What might Deborah being saying to us today? … perhaps she is whispering to us the words of the poet Langston Hughes:
Mother to Son
Well son, I’ll tell you:
Life for me ain’t been no crystal stair.
It’s had tacks in it,
And splinters,
And boards torn up,
And places with no carpet on the floor - Bare.
But all the time
I’se been a-climbin’ on,
And reachin’ landin’s,
And turnin’ corners,
And sometimes goin’ in the dark
Where there ain’t been no light.
So boy, don’t you turn back.
Don’t you set down on the steps
‘Cause you finds it’s kinder hard.
Don’t you fall now -
For I’se still goin’, honey,
I’se still climbin’,
And life for me ain’t been no crystal stair. Langston Hughes
Perhaps this is what Jesus was trying to say to the person who has been an invalid – in-valid for 38 years. A person has been paralyzed - unable to move for 38 years. Son, daughter Life for me ain’t been no crystal stair… some are born into horror, war and poverty, some end up dependent on others for their entire lives and others are found in-valid because of differing abilities, because of dis-ease, because of color, race or class, because of who they love…
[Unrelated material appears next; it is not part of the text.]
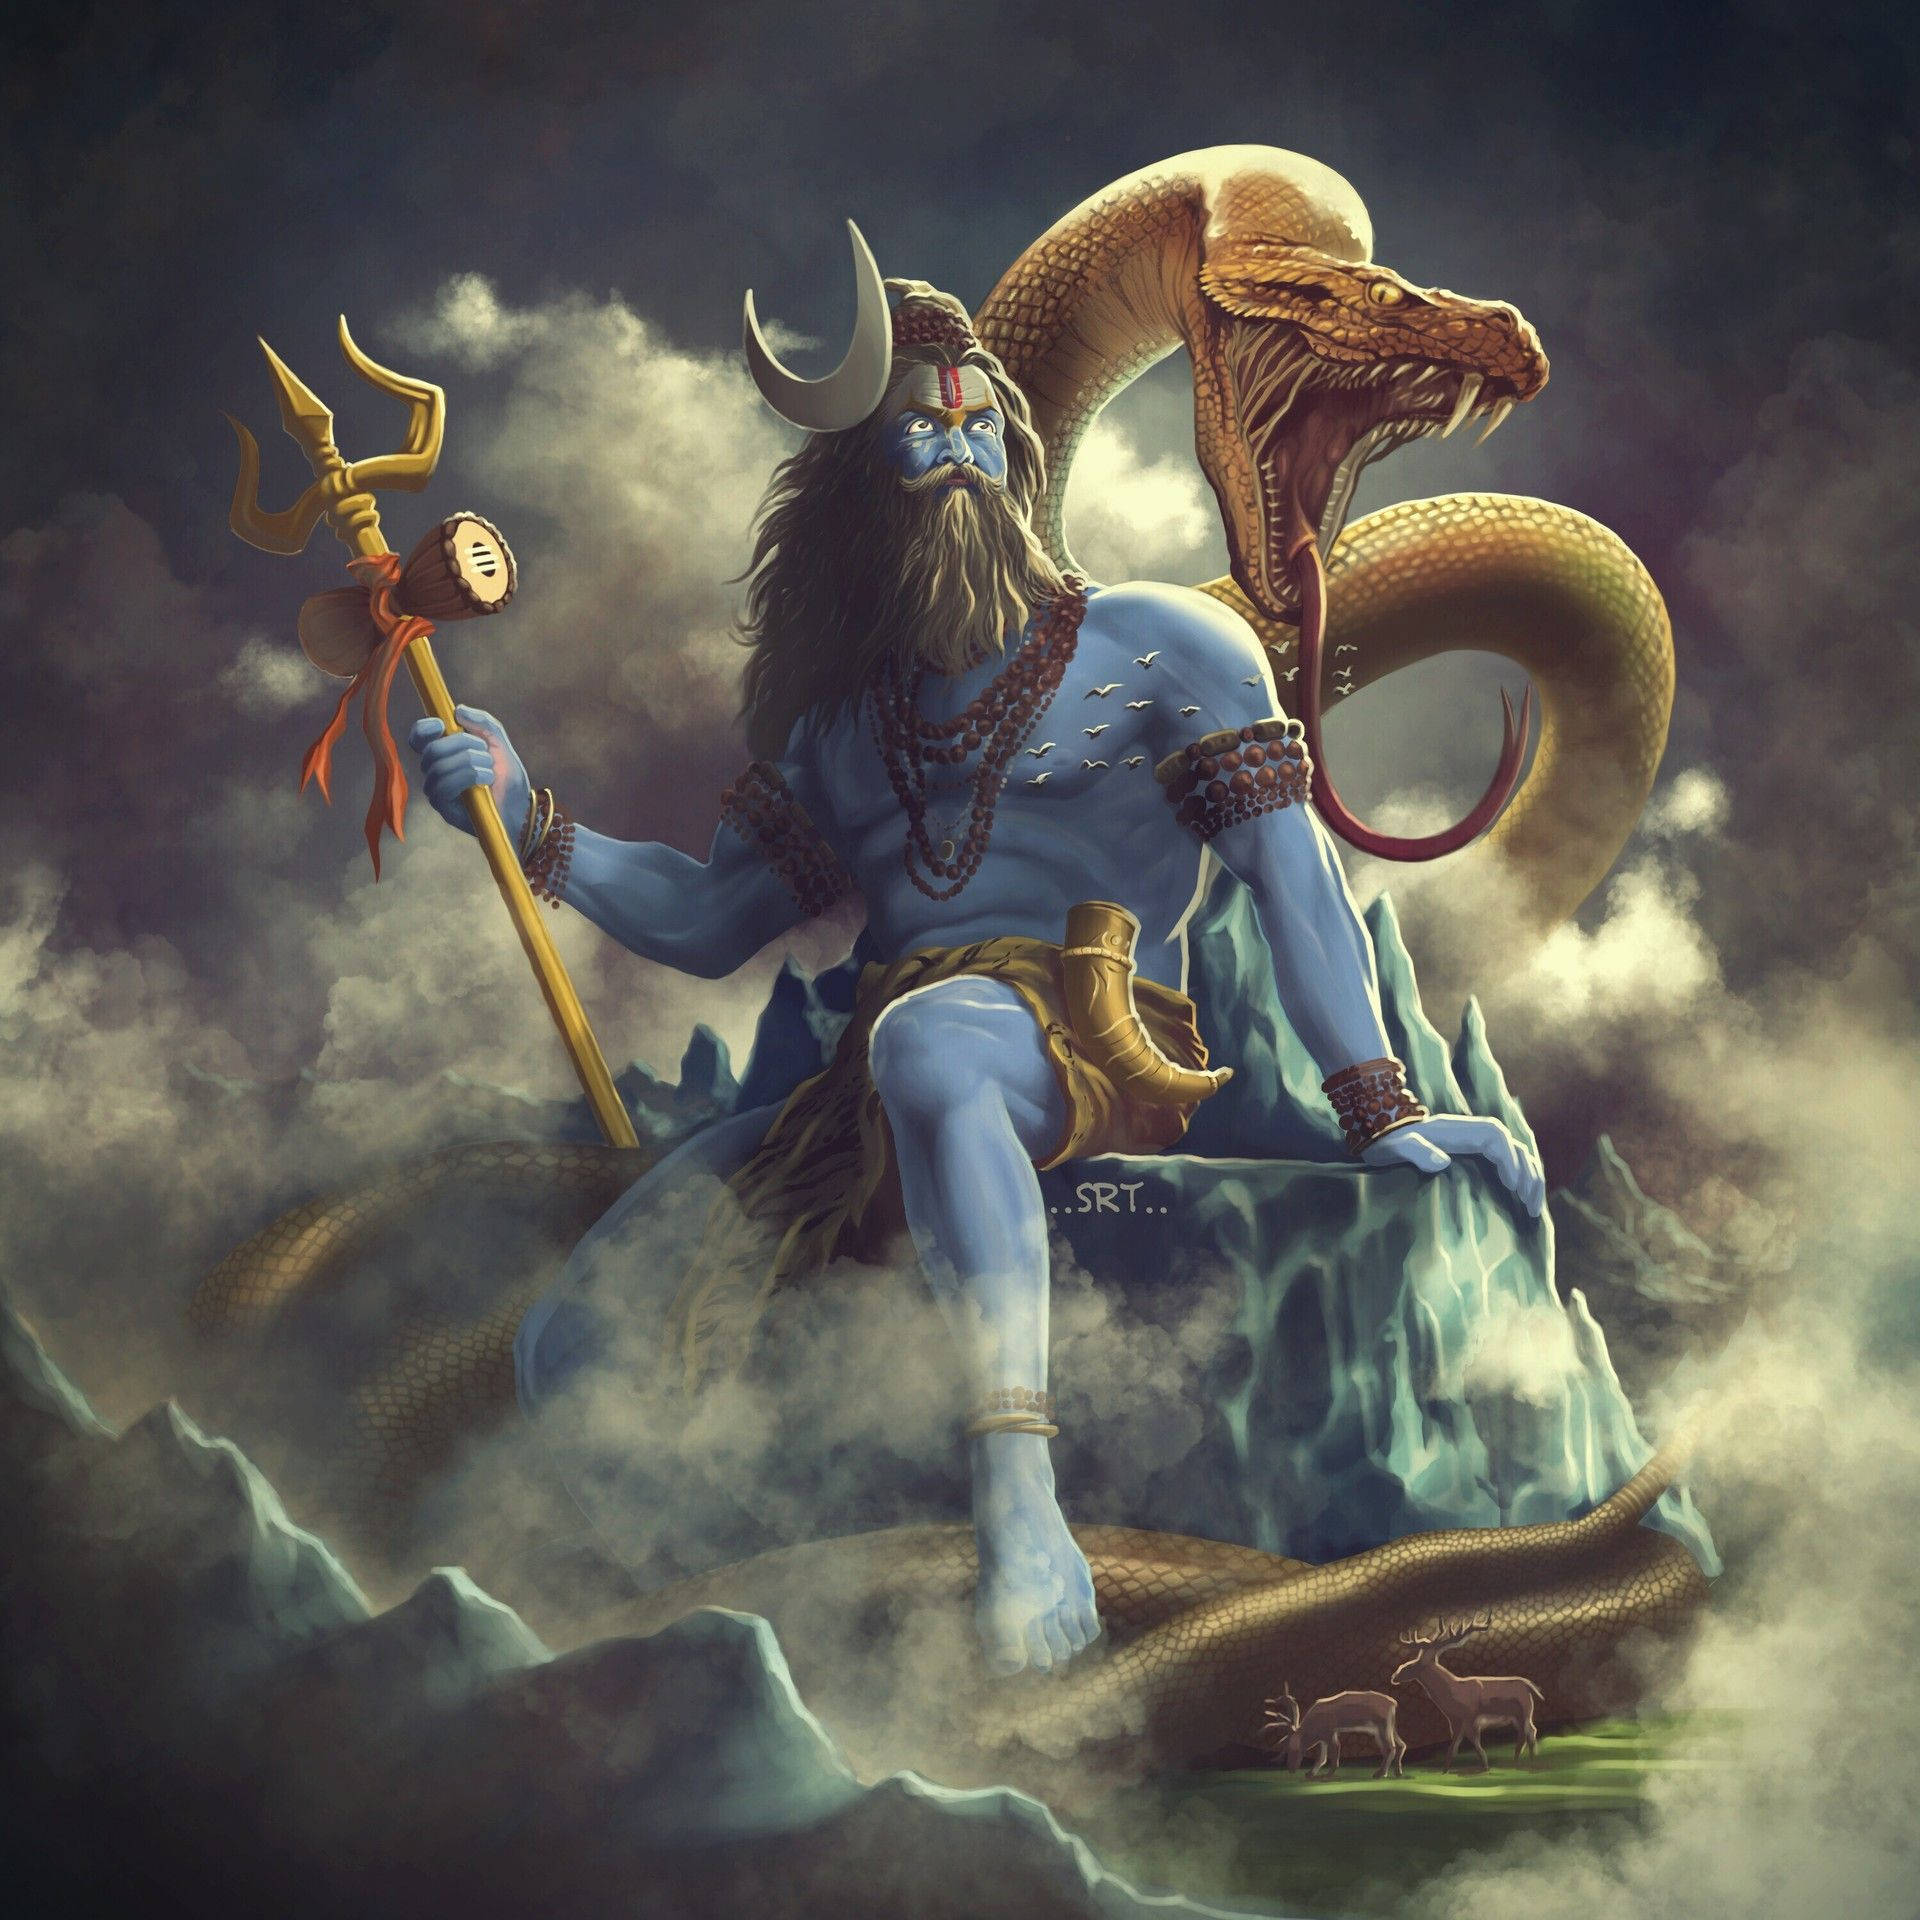 Bholenath Hd Shiva With Golden Snake

Life for me ain’t been no crystal stair… but that does not mean you stop trying…
So, don’t you turn back. Don’t you set down on the steps. ‘Cause you finds it’s kinder hard. Don’t you fall now… keep going
But wait a minute this is a person who can’t keep going. Jesus must have known that. Jesus the great physician arrived to make all things right… Right? Jesus walks over and heals the poor guy. Takes pity and uses his amazing gift of healing from God to set right this person’s world. Right? Wrong! When Jesus saw him and realized that he had been lying there a long time, Jesus said DO YOU WANT TO be healed? What a question? Cruel, callous. Why of course he wants to be healed. Surprisingly Jesus does NOT RESCUE this person from his dis-ease. What kind of love is this? There must be a typo – a misprint. Or is it that Jesus’ love doesn’t presume to know what this person wants. In fact Jesus respects this person enough to grant him his dignity by identifying this invalid’s ability to respond. This person’s right to be valid by seeing him as a person of value who can respond. A person who needs to take responsibility for his own healing. And of course the invalid recognizes this immediately and responses with a song of praise. Well not exactly – was it a whine? I have no one to put me into the pool and while I’m struggling to get there – I get trampled – someone always beats me to the pool. It’s kind of like someone who has been taken care of all his or her life – treated like an object – like someone in-valid. It’s called learned helplessness. It happens when a valid or partial helplessness becomes a total helplessness.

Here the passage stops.